Lyrical and languorous, shattering and profound, Eden at Dawn is a feast of love in the midst of war. With this North American debut, lauded author Karim Kattan proves that storytelling is the ultimate act of devotion.
“Karim Kattan’s Eden at Dawn is an unforgettable love story, sensuous and otherworldly. Tracing a queer love between two men in Palestine, Kattan’s prose pulses with poetry and strangeness, exploring new dimensions to love and longing. Politically astute and mythic in scope, Kattan’s language transforms the landscape of desire into something luminous and enduring.”
— Saleem Haddad, author of Floodlines and Guapa
“Karim Kattan’s Eden at Dawn is a queer Palestinian love story that is breathtaking and refreshingly original, blending vivid poetics and gorgeous prose. It is the story of our times, wonderfully translated from French by Jeffrey Zuckerman. This is such an essential read.”
— Hasan Namir, author of God in Pink
“Kattan’s prose unfurls poetically as a prayer to the heart of Palestine—love told as an act of defiance and spellbound by the sands of the Khamaseen. This is Kattan’s haunting rebellion; an incantation against our cruel and violent humanity.”
— Mohammed Massoud Morsi, author of The Hair of the Pigeon
“A rare gem of a story — bittersweet, luminous, and intimate enough to feel like someone is whispering secrets in your ear.”
— Angelo Tijssens, author of The Edges
“Karim Kattan plows his way into the literary world with novels with magnetic writing that take you far away, into a universe that is both sensual and political, of stunning beauty.”
— Alexandra Schwartzbrod, Libération
“Karim Kattan accomplishes, with this magnificent second novel, the most powerful act of which literature is capable: affirming the full and complete humanity of those to whom the world only grants a partial and conditional humanity.”

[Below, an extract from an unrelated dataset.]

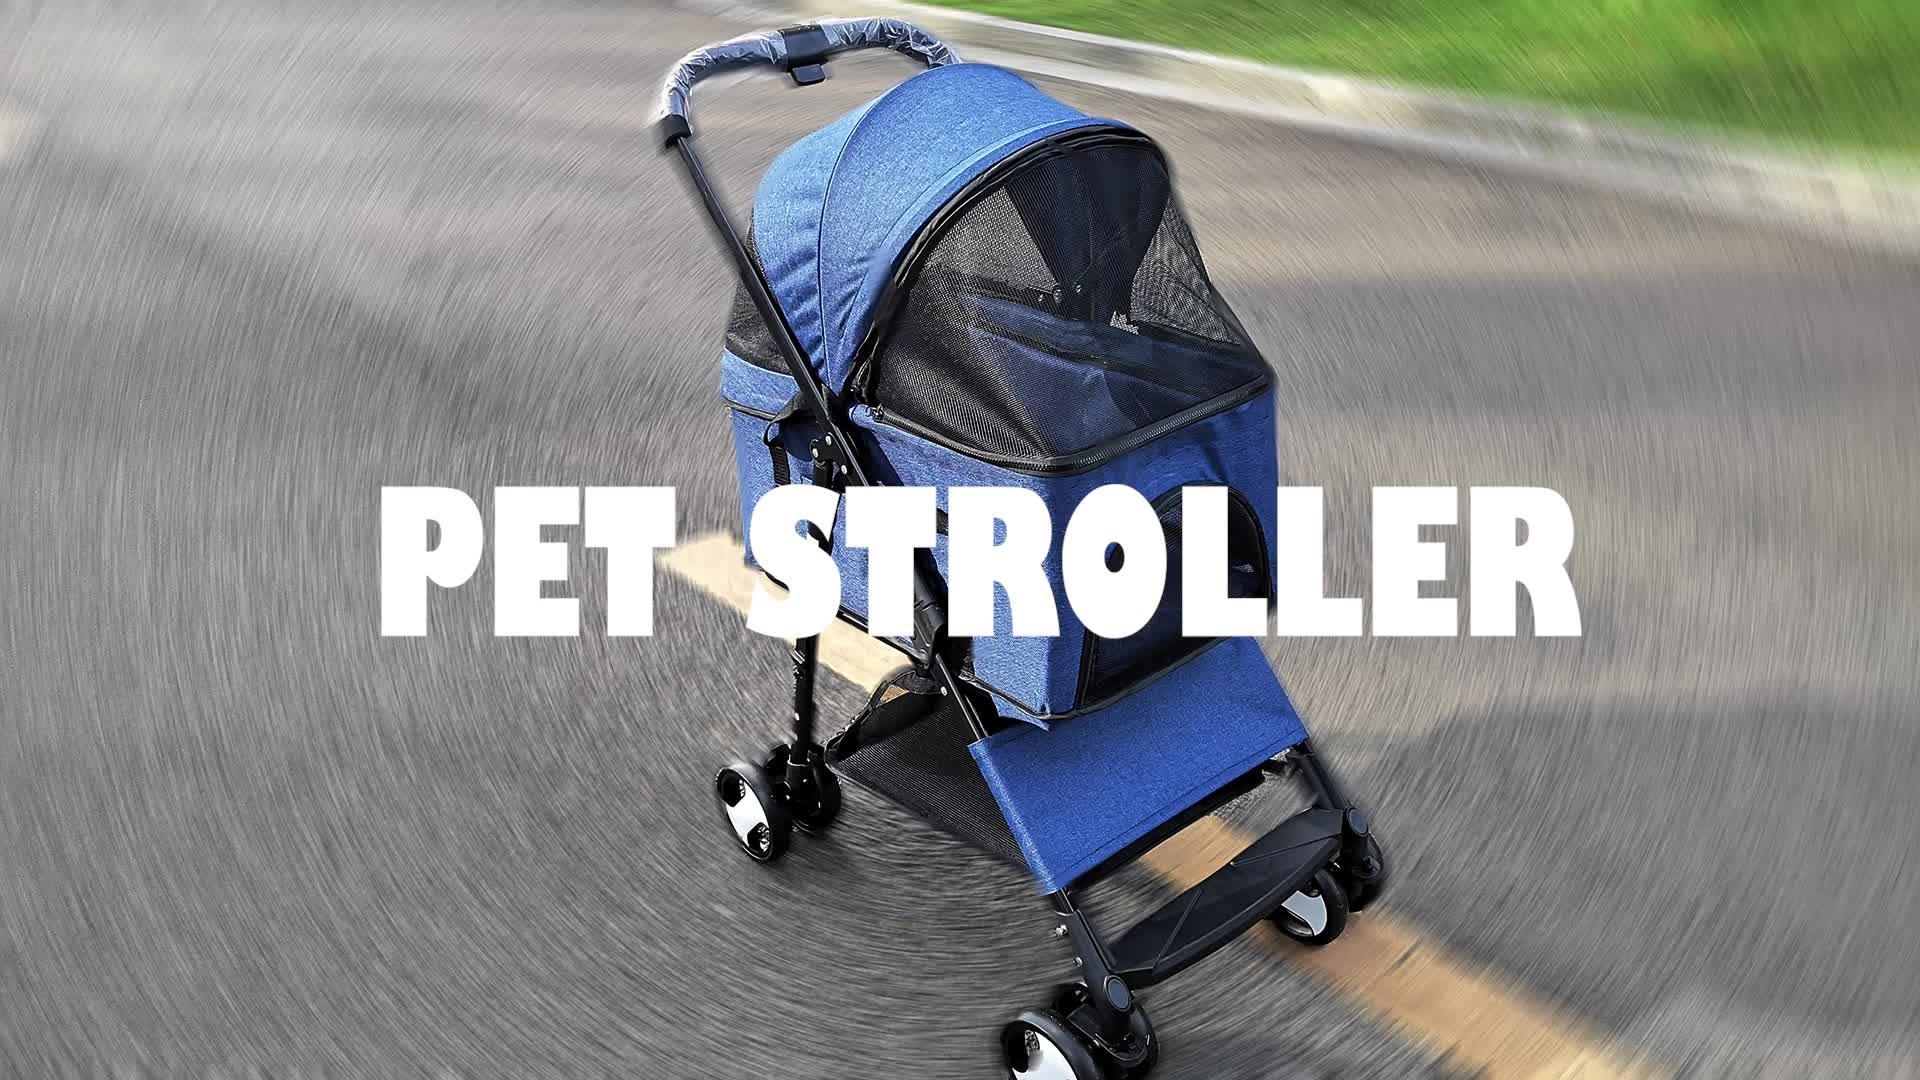 4 Wheels Dog Cat Jogger Stroller One-Click Folding Travel Pet Carrier Trolley Pet Stroller For Dogs

— Joy Majdalani, L'Orient-Le Jour
“Eden at Dawn, the first major homosexual work set in occupied territory, is a powerful rebuttal to prejudices about Palestine.”
— Jean Stern, Orient XXI
“A real and imagined Palestine, with its flowers, its pines, and the gentleness of its Mediterranean landscapes, offers a setting that is both sunny and terribly menacing and threatened. This is Kattan's way of keeping it alive and engaging.”
— Fifi Abou Dib, L’Orient littéraire
“A very beautiful, very sensitive book.”
— Nicolas Herbeaux, France Culture
“The writer-poet lets himself experiment and plays on the lyre string until it cracks and pierces the eardrums.”
— Cécile Dutheil de la Rochère, En attendant Nadeau
“Everything is true, even what is false. The novel, poetry, literature: that's what we're talking about here, and all at the same time.”
— Baptiste Thery-Guilbert, Diacritik
“A highly poetic, raw novel, full of the vitality of irony and orality, which makes tangible the glaring opposition between love and desire on the one hand, and violence and hatred on the other.”
— Kenza Sefrioui, Enass
“A magnificent novel.”
— Doan Bui, Bibliobs
“A sensual, lyrical, and unadorned language.”